This C++ API example demonstrates how to build an AlexNet neural network topology for forward-pass inference. Some key take-aways include:
- How tensors implemented and submitted to primitives.
- How primitives are created.
- How primitives are sequentially submitted to the network, where the output from primitives is passed as input to the next primitive. The later specifies dependency between primitive input <-> output data.
- Specific 'inference-only' configurations.
- Limit the number of reorders performed which are decremental to performance.
The simple_net.cpp example implements the AlexNet layers as numbered primitives (e.g. conv1, pool1, conv2).

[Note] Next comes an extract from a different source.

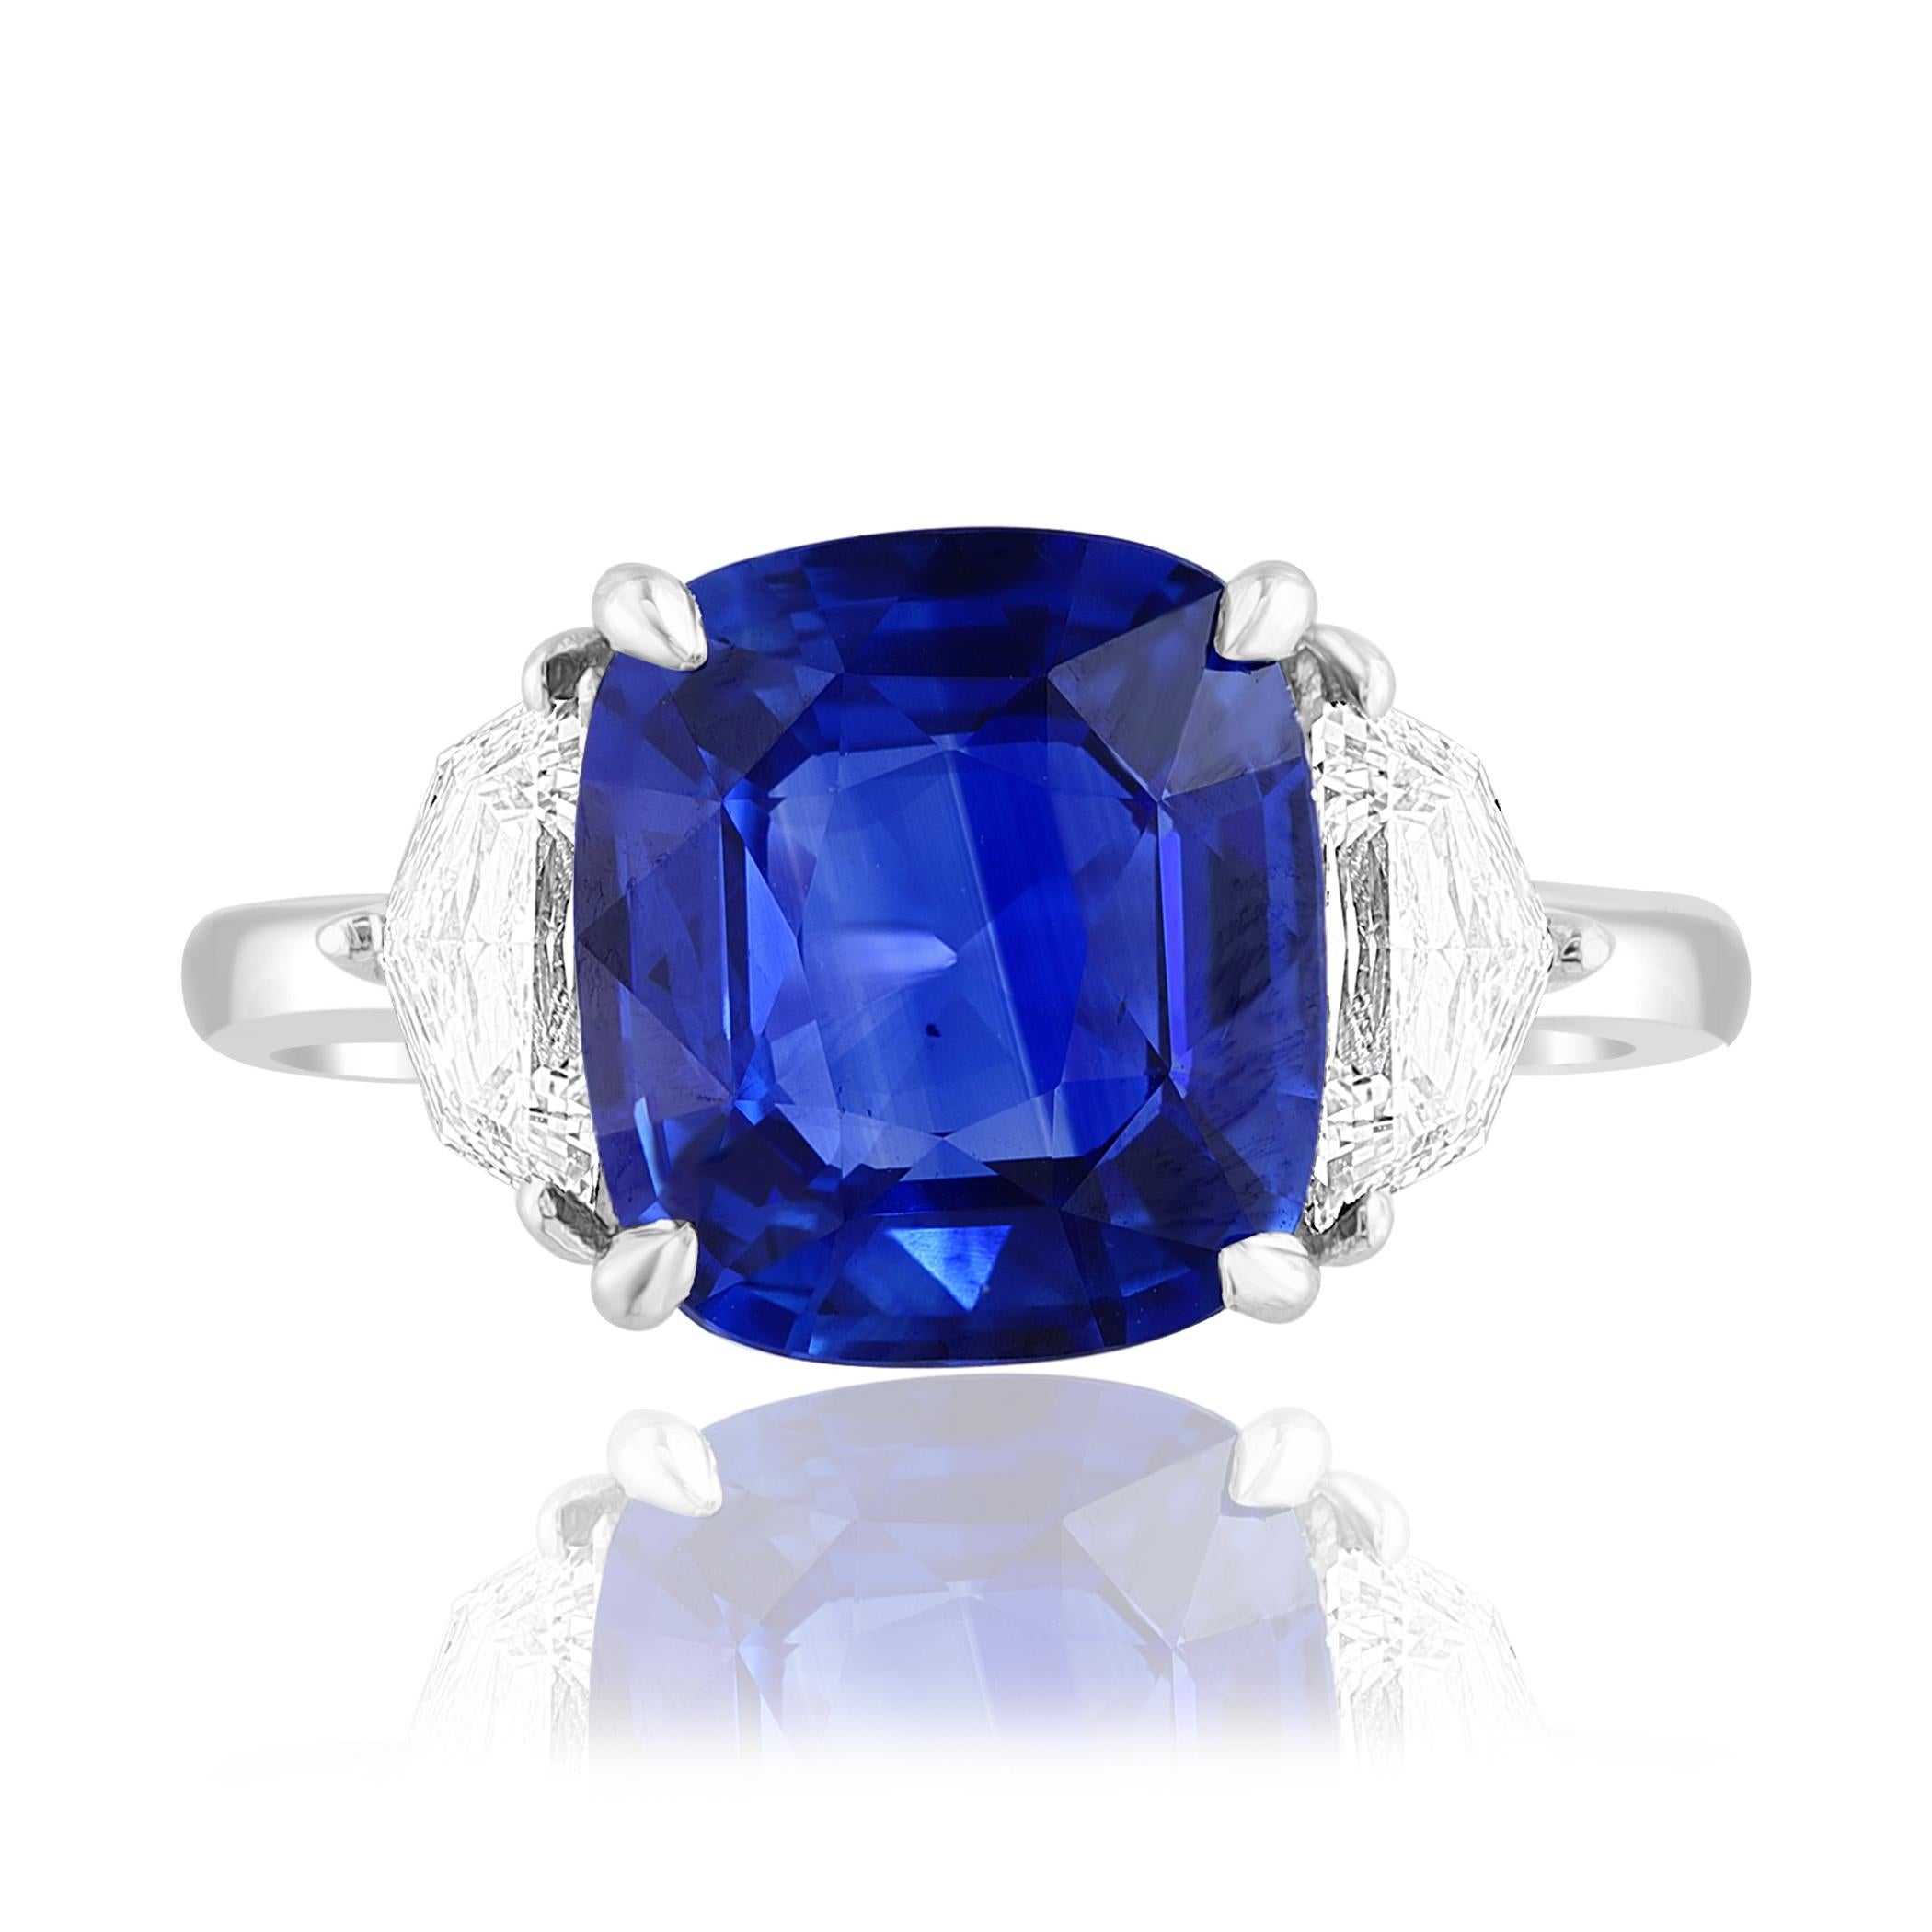 Showcasing Certified Cushion cut, Vibrant color Blue Sapphire weighing 4.15 carats, flanked by two brilliant cut half moon diamonds weighing 0.70 carats total. Elegantly set in a polished platinum composition.
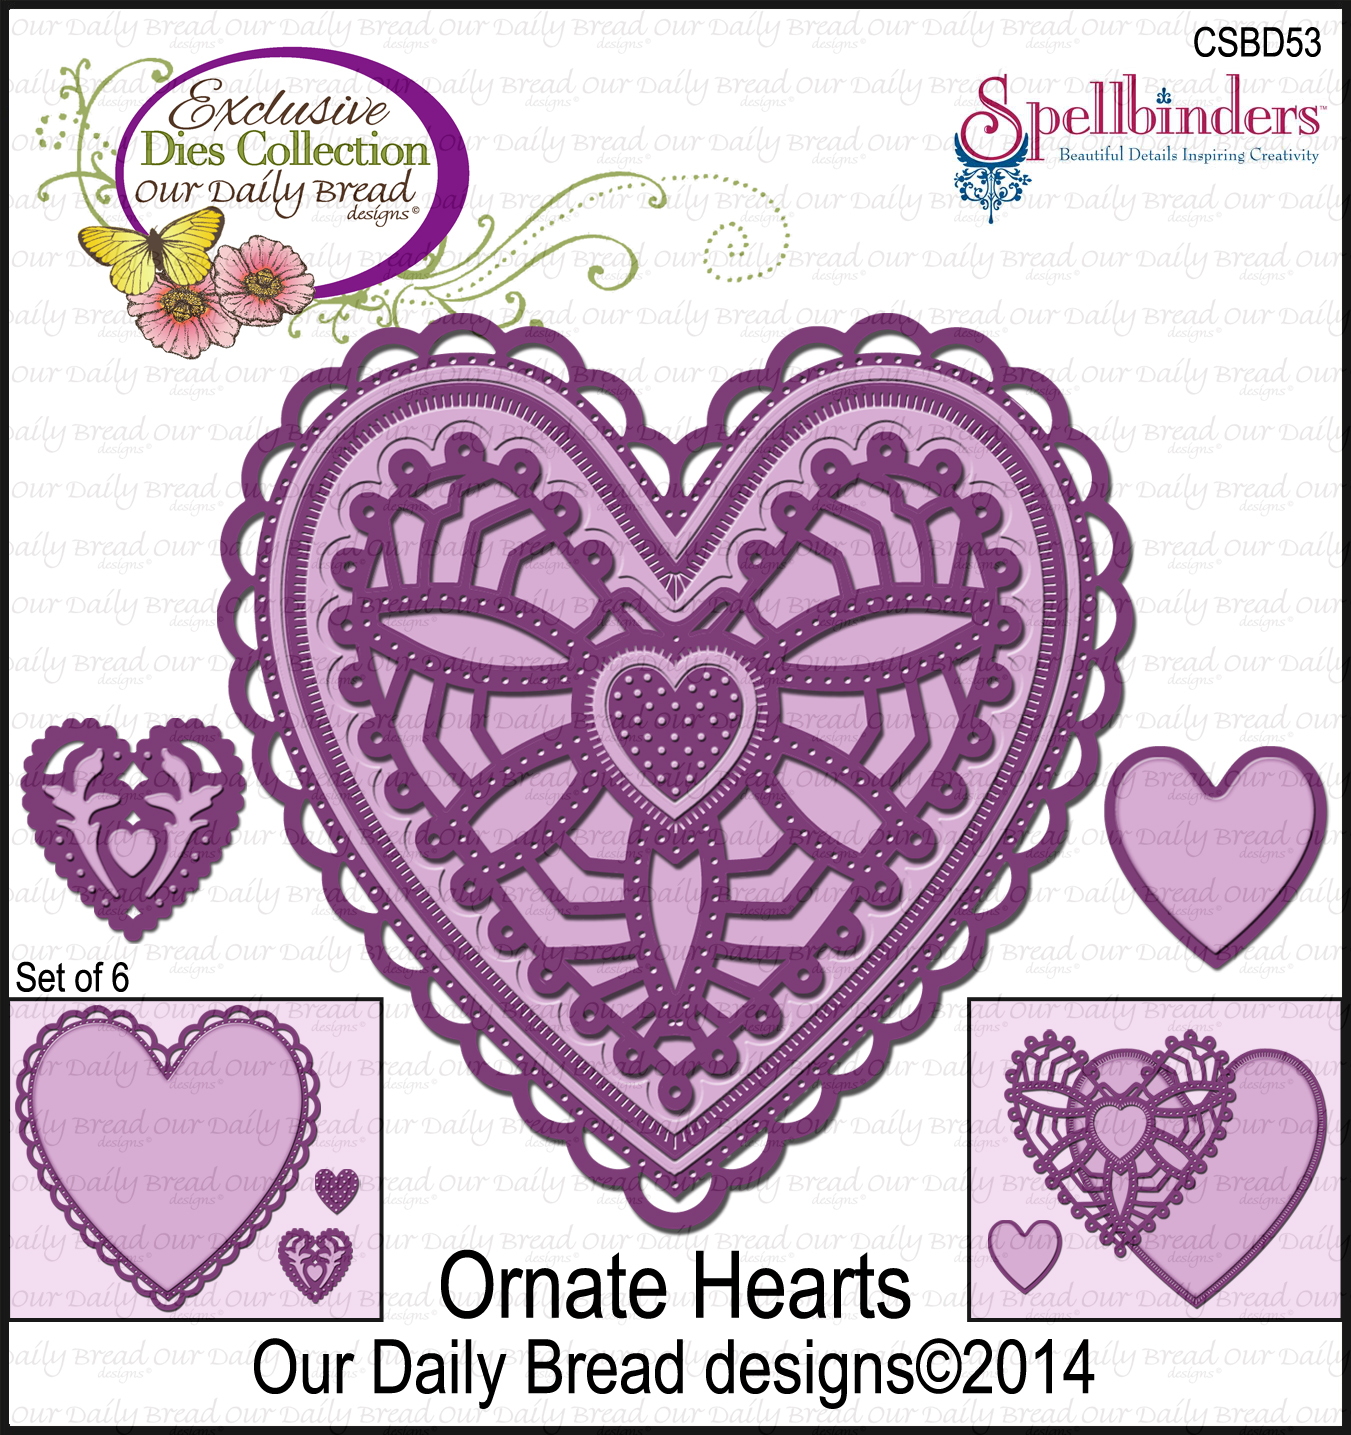 http://www.ourdailybreaddesigns.com/index.php/csbd53-ornate-hearts-dies.html

Highlights for implementing the simple_net.cpp Example:
- Initialize a CPU engine. The last parameter in the engine() call represents the index of the engine.
- Create a primitives vector that represents the net.
std::vector<primitive> net;
- Additionally, create a separate vector holding the weights. This will allow executing transformations only once and outside the topology stream.
std::vector<primitive> net_weights;
- Allocate a vector for input data and create the tensor to configure the dimensions.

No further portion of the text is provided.